▸ **REQUIREMENT**
If a line below contains "design", count it. Report the final total and nothing more.
*** GIVEN INFORMATION Section Begins ***
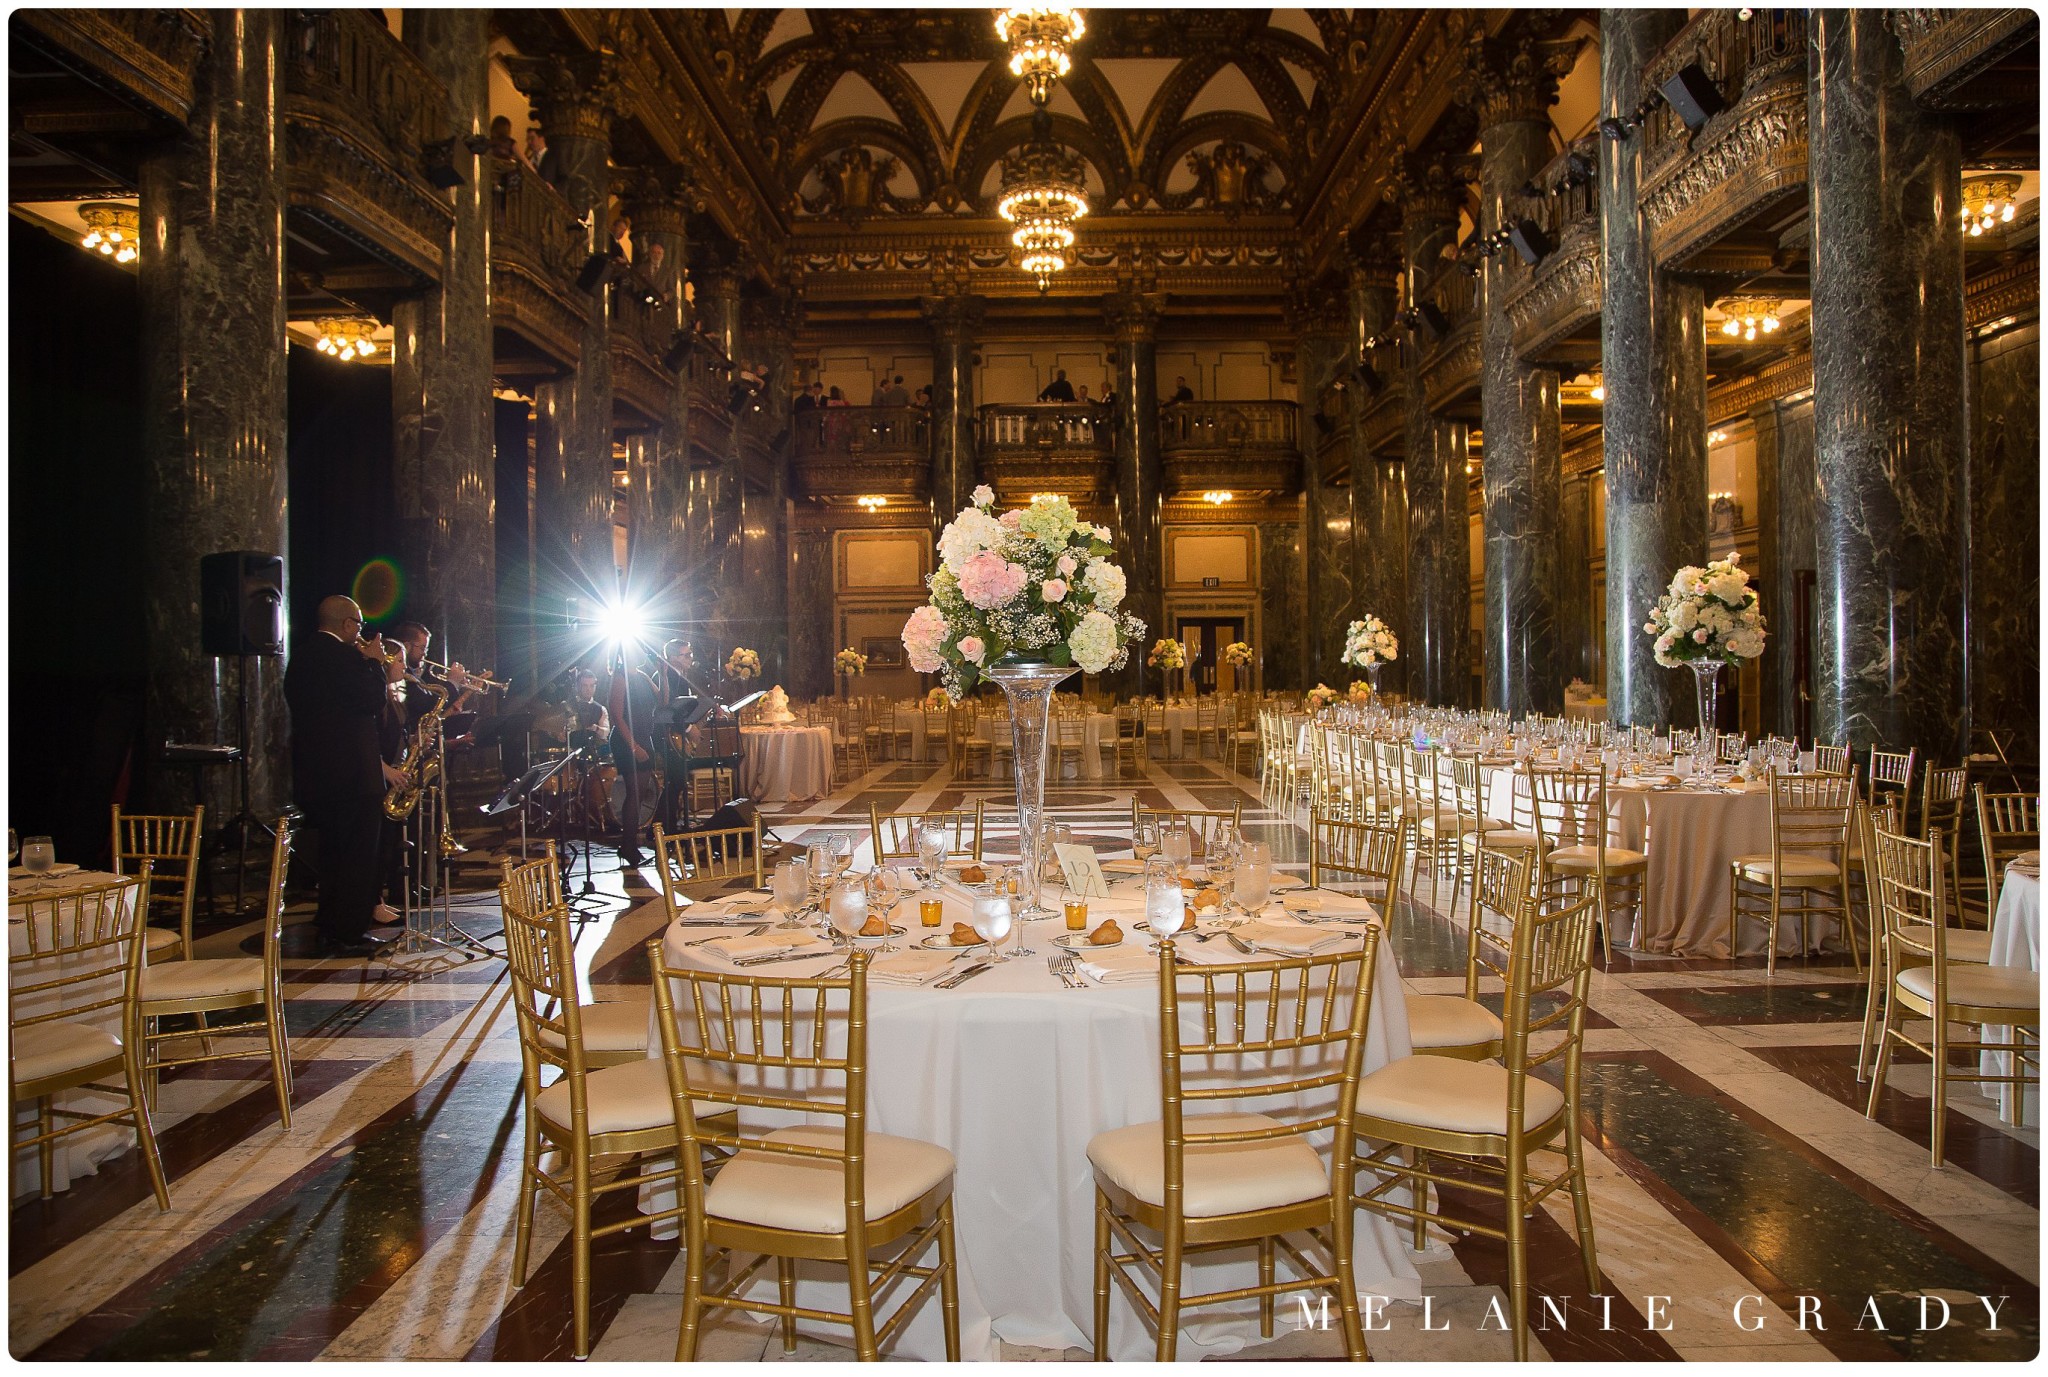 Carnegie Museum of Natural History Wedding in Pittsburgh, Pennsylvania. Tall floral centerpieces, gold chairs, Nashville wedding photographer
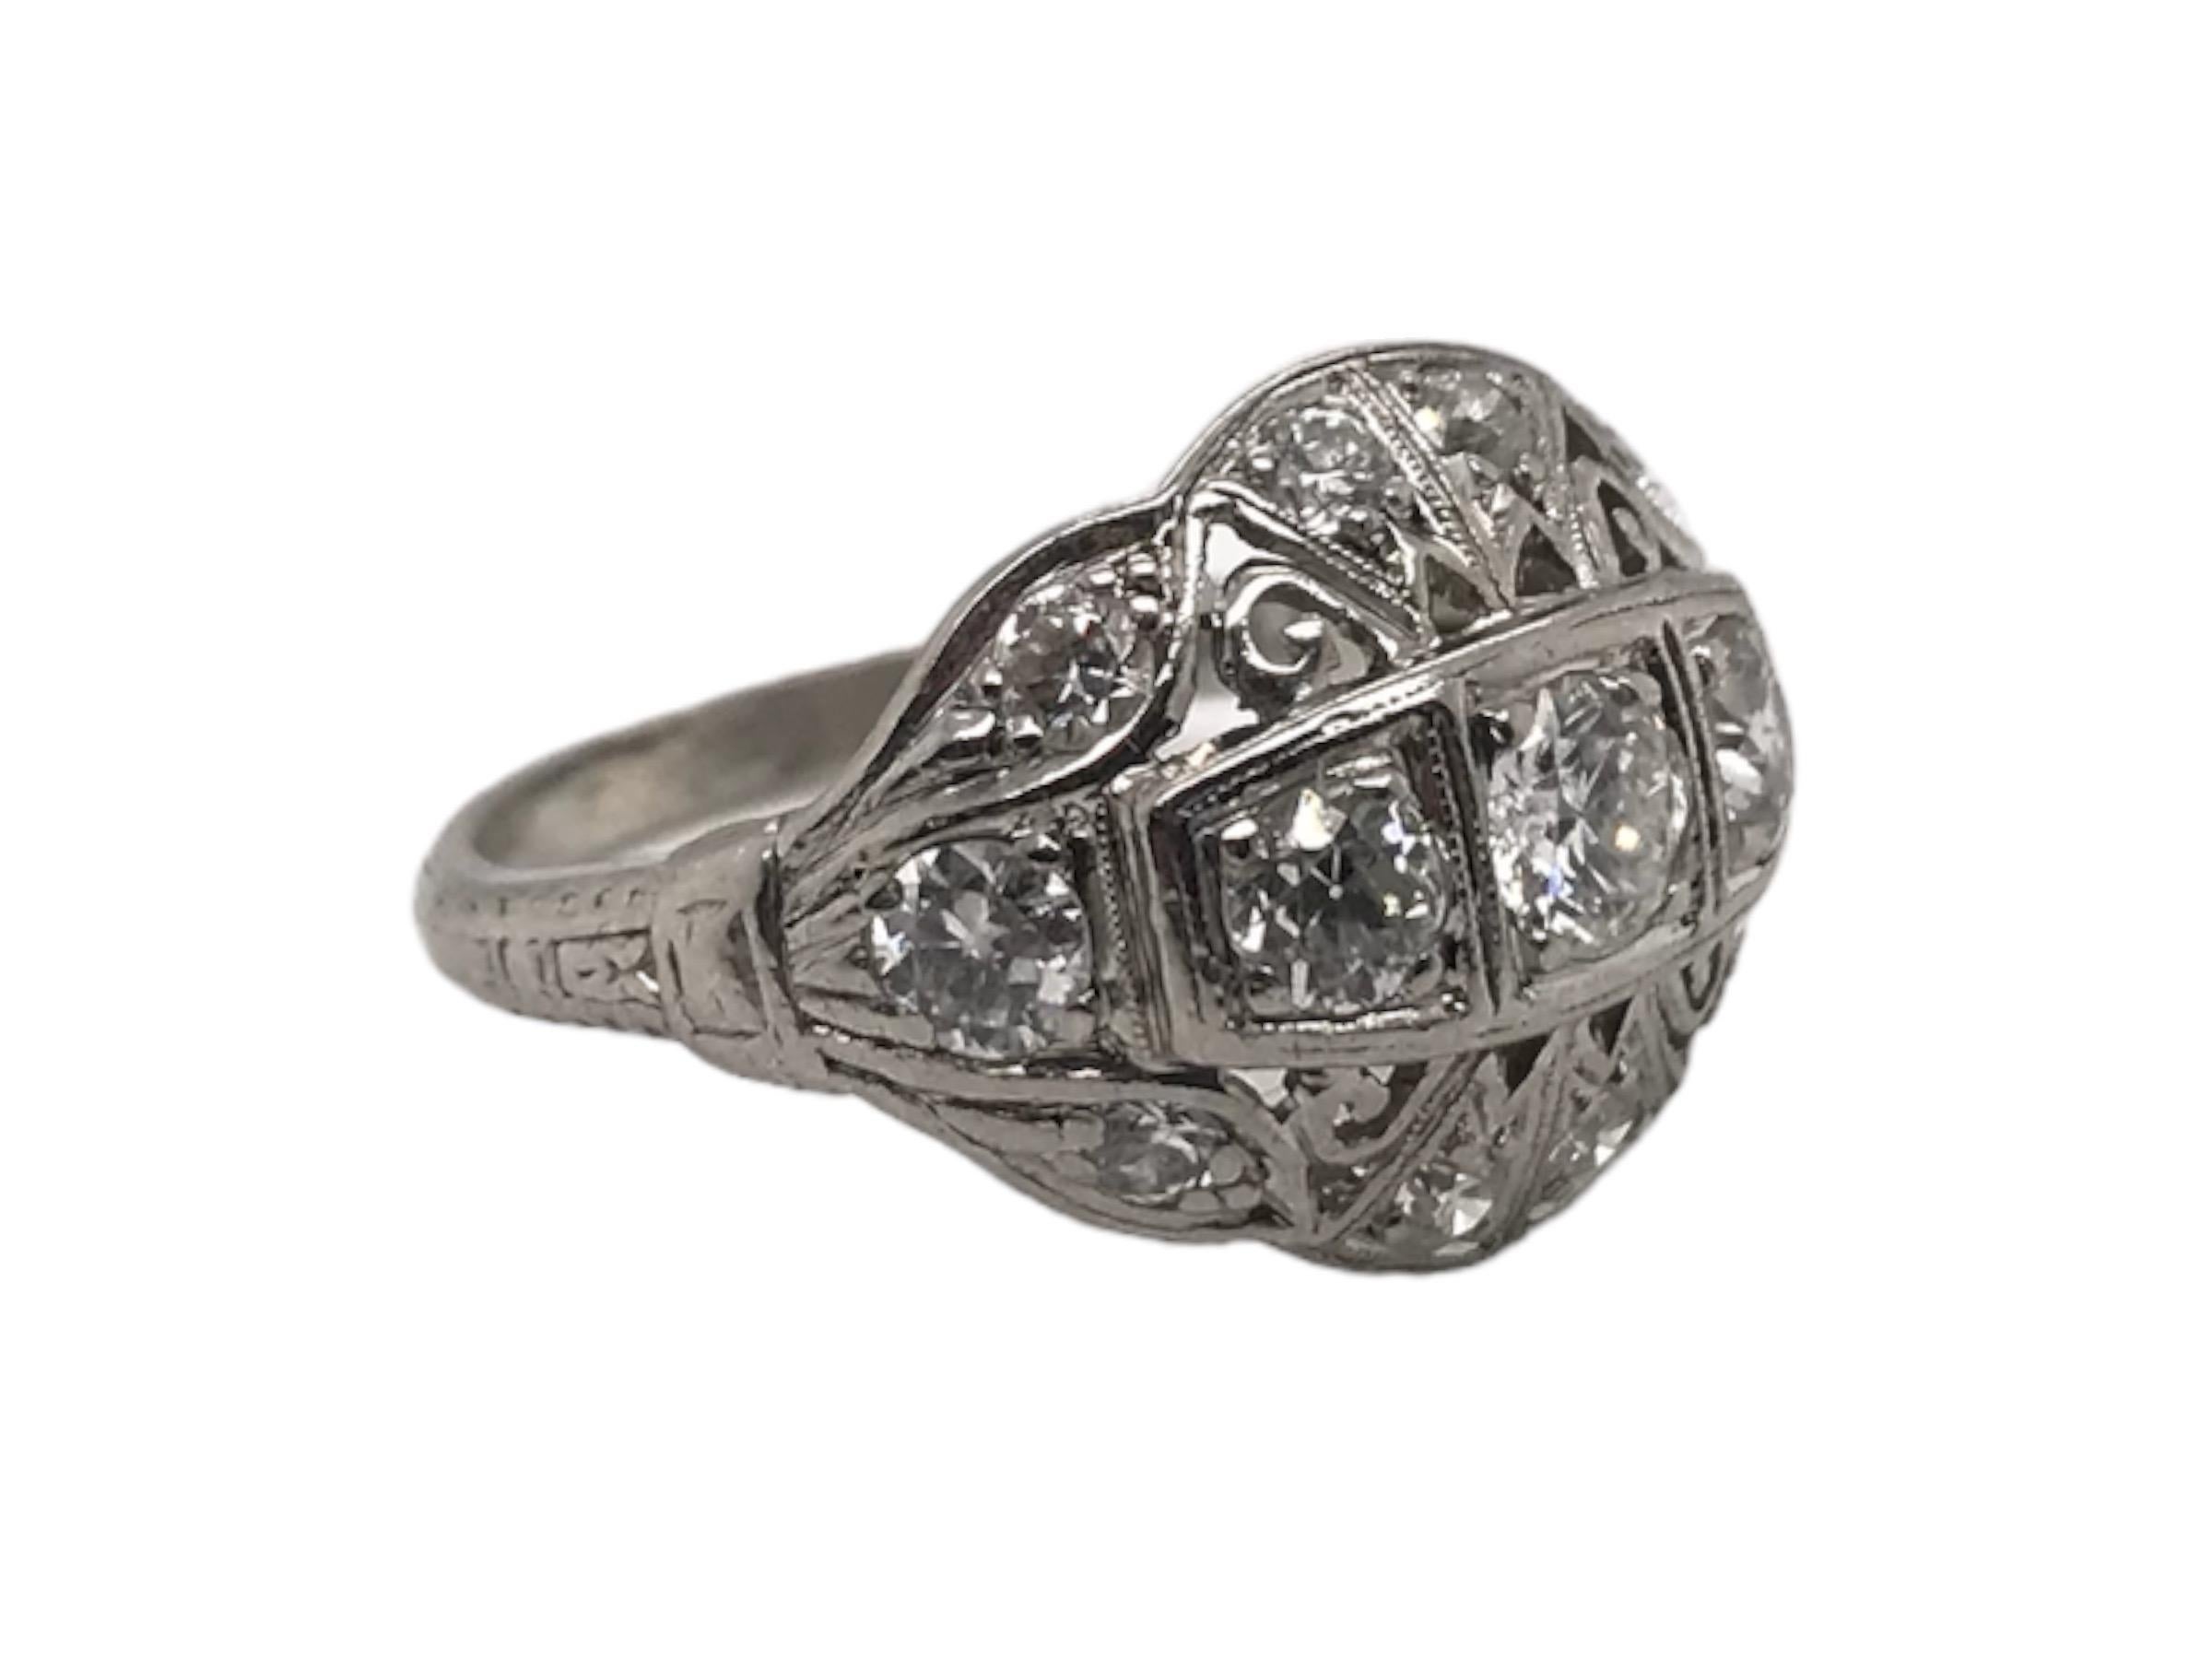 This lovely ring is absolutely perfect for everyday wear!
This beauty features a timeless shield design & is accented by 13 Old European Cut diamonds.
The design sit nice and low to the finger and is has exceptional scroll style filigree
*** GIVEN INFORMATION Section Ends ***
▸ **EXPECTED ANSWER**
2